Dear BGP | ”What’s The Best Way Of Dealing With Toxic People At Work?”

”Dear BGP,

I do have a little problem that’s niggling me. So at the start of the year, I very happily got a new job, I had left a workplace that was mentally damaging me every day, it was extremely toxic and I hated it.

So I was overjoyed to have landed an albeit simple job, but with a fantastic, lovely and friendly workforce! At first I was only talking to one girl, she was quite a few years younger than me and she had been working there a couple of years.

Instantly I had a bad feeling about her, but she was being nice, helpful and used to compliment me a lot. I tried to forget the bad feeling I had about her. She loved to bitch and gossip, all the time. About our work colleagues, management, anyone. I was sucked in by her as she was the only friend I’d made at the time. I went along with what she said, even though I felt terrible for it.

There was one girl that she really didn’t like, she called her fat, lazy, said she lived like a tramp and all sorts. It was awful to hear. When she spoke to this girl she would always talk to her in a really condescending and patronising way. She would also complain and moan all the time, about the job, other people, stuff that was happening outside of work.

It was draining me, mentally and emotionally draining me. I had promised myself that this year I was all about being happy and positive. This girl was the opposite of that. It was driving me mad and I had to get away from her.

So I did, I started talking to the rest of the team, they were great and they were not all the horrible nasty things the girl said they were. She also has a knack of being nice to peoples faces that she recently insulted, which is pretty low in my opinion.

I drifted away from her and each day spoke to her less and less. I tried not to scream everytime I saw her being fake and passing off as a nice girl.

But the workplace is only so big, I can’t avoid her all the time. I need to though, it was people like her at my old place that made me very sick and ill with stress and anxiety.
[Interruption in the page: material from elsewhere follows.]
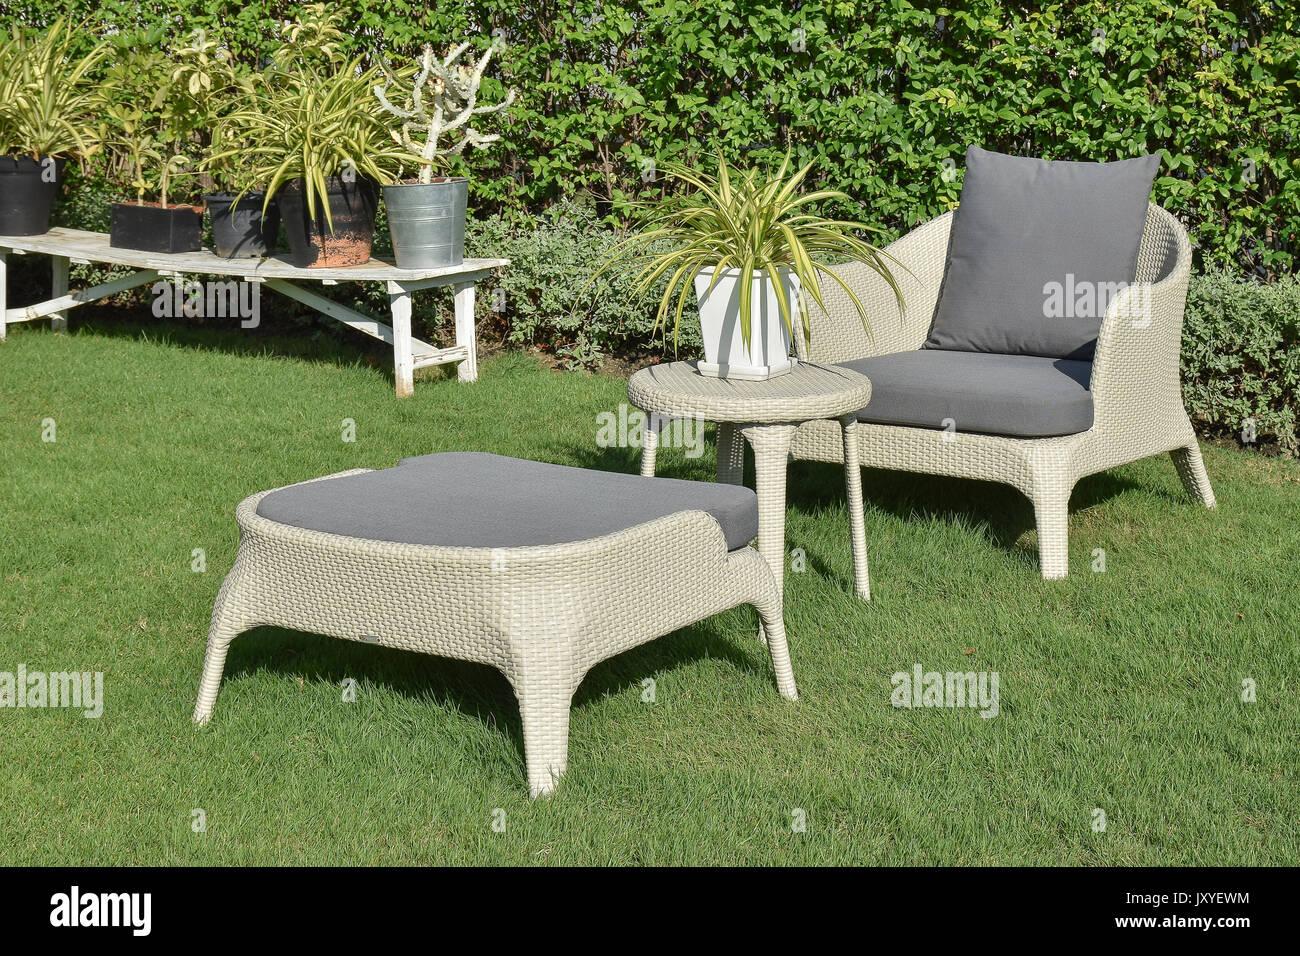 Sedie In Rattan Da Esterno.Il Verde Giardino Con Mobili Da Esterno Gruppo Salotto Con Sedie

I have a feeling that she talks about me to the few people that she’s friends with there. She has obviously noticed that I’m not talking to her and I won’t have her on any social media. She is obviously going to bitch and gossip about me, it’s what she does and it’s who she sadly is, but I haven’t said a bad word about her to anyone.

I guess what my question boils down to, is have I done anything wrong here? She has a weird knack of making me feel like I have done something wrong, I think she’s trying to change peoples opinions of me, which I’m sure will be difficult as I’m friends with everyone.

What’s the best way of dealing with toxic people, how do I keep her at arms length whilst also working in the same place as her?

Also, it really hurts me to see new staff falling for her fake facade, I want to scream and tell them not to be friends with her. I’m trying not to let it bother me too much but she is one part of this great now job that’s spoiling it.”

Hi,

First of all, you haven’t done anything wrong; you started a new job and gave someone the benefit of the doubt and made friends with them. There’s no harm in that.

It’s not your fault she has turned out to be not a very nice person; we’ve all been burned by people before and been made to realise that someone isn’t all what they seem.

Your colleagues aren’t blind or stupid, and I’m sure they’re all aware of exactly what she’s like, and it seems like she preys on new members of staff to get them to join her almost toxic-like cult.

You’ve done exactly the right thing by slowly fazing her out and making friends with the nicer, good hearted people at your workplace. I would continue to just be civil with her at work, say good morning, say goodbye, talk to her about any work related things you need to, but decline social invitations, if she asks to go for lunch, say you’re busy; you can be polite and friendly, but make it obvious that you don’t want to instigate a friendship, least of all the toxic one that she is offering.

Don’t worry about the new staff falling for her facade; they will soon realise, just like you did and everyone else did too. You don’t need to concern yourself with what other people get up to; they’re big enough and will be able to look out for themselves. If they want to be friends with her and bitch about all their colleagues, that’s their problem, not yours. You stay friends with the people who treat you well and don’t cause you stress and anxiety.

Don’t let her ruin a job you’re happy and comfortable in; they’re hard to come by, as you know, and you should stick this one out.

If she is making your working life difficult or uncomfortable, talk to your line manager and explain the situation, I’m sure they’re aware of it already, but it would be good to have them in the know, and they can pull her up on anything that goes too far.

If she is outright causing problems for you, make sure to note down the date and time and exactly what happens, just in case you ever need to present proof, as she actually sounds like a bit of a bully.

Try and enjoy your work, and don’t let someone as pathetic as her ruin it for you! You deserve this job, remember that.